The chief strode off, with Sammy trailing behind him.

“Let’s get Rufus moved,” Horace said. “And let the chief deal with the geese.”

“Right,” I said. “Unless—Rufus, would you like to come inside where it’s warm? You’re welcome to stay in the house.”

Rufus looked wistful.

“I’d appreciate that, ma’am,” he said. “But I’m sort of supposed to be guarding everyone else’s stuff.”

Horace and I helped him relocate not only his stuff but the stuff the other scouts had left behind in the two deerskin tents. Then we trudged back up to the house. Horace peeled off at the barn. I looked around and realized that I’d left my clipboard, the outward and visible sign of my office, in Eric’s hands.

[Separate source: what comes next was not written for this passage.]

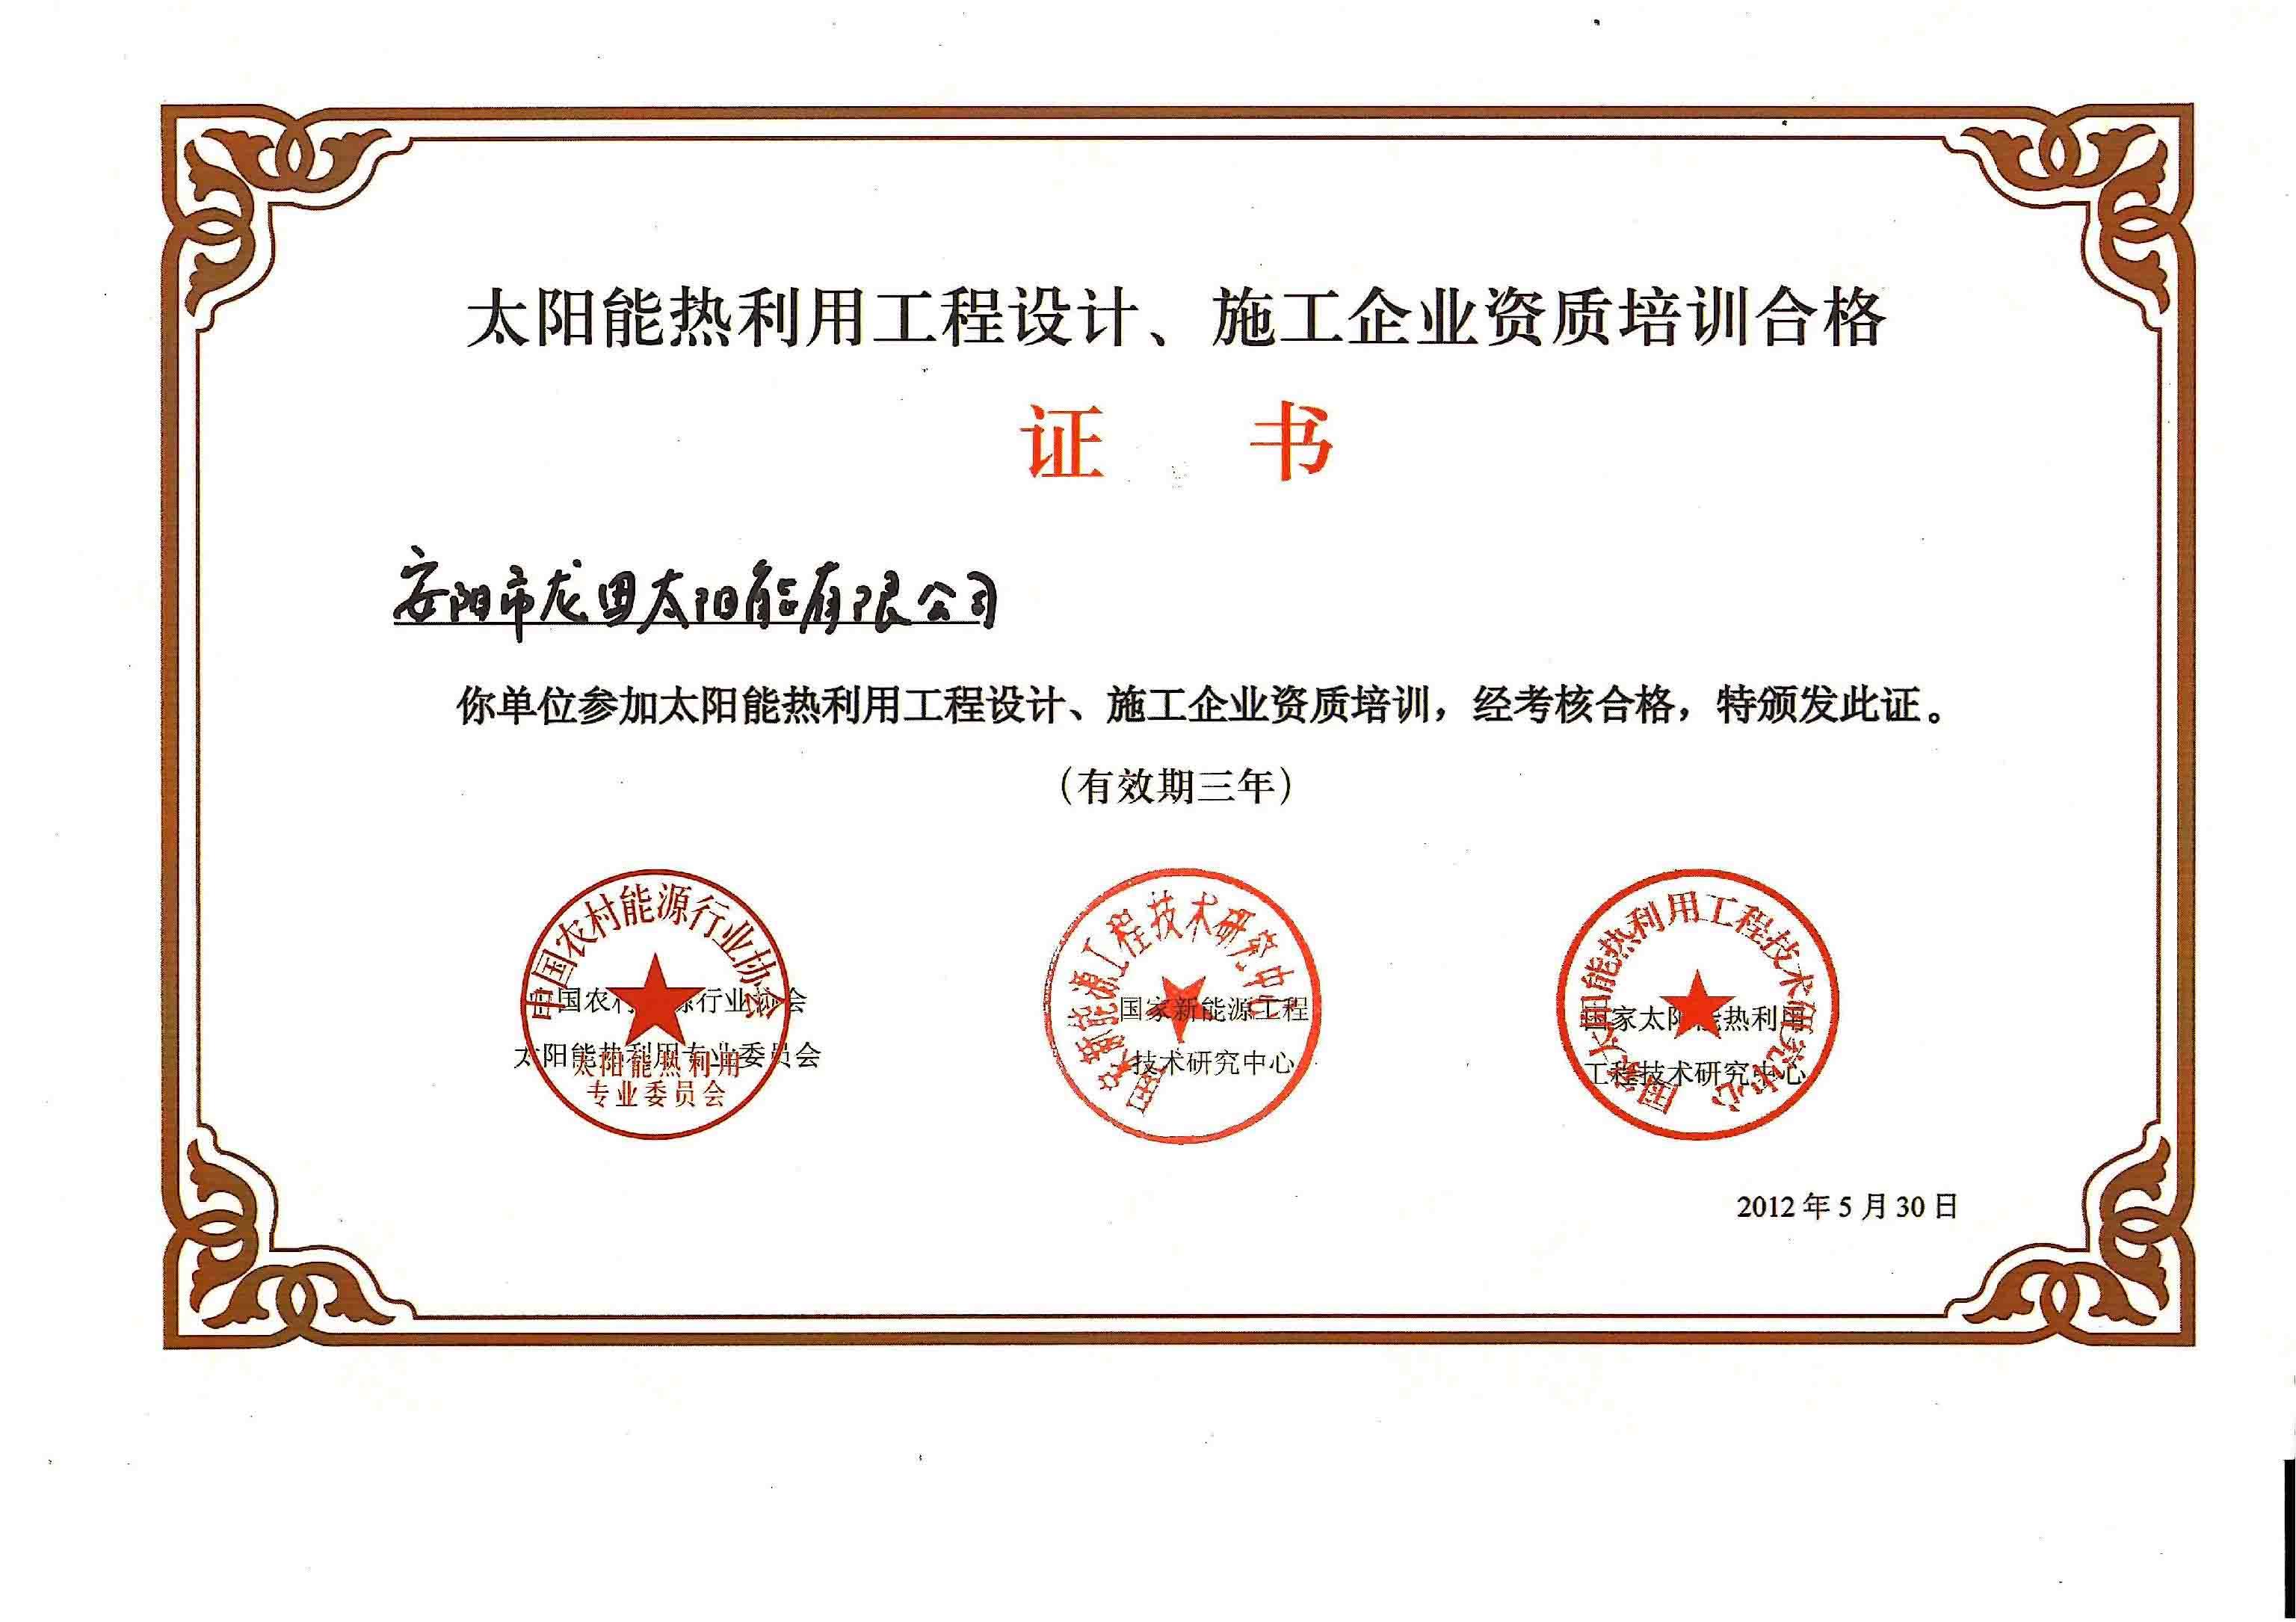 太阳能热利用证书

I pushed through the crowd, looking for Eric. Fragments of carols, hymns, and spirituals echoed from every corner of the yard, as the various choirs, bands, and strolling musicians rehearsed.

I walked past one of Mother’s brainstorms—what I called Charity Alley. It had been my idea to invite a handful of charity and social service organizations to set up temporary stands here at the staging ground, but having them on either side of the path everyone had to take to get to the Porta Potties was definitely Mother’s idea. From the looks of it, a fairly successful one.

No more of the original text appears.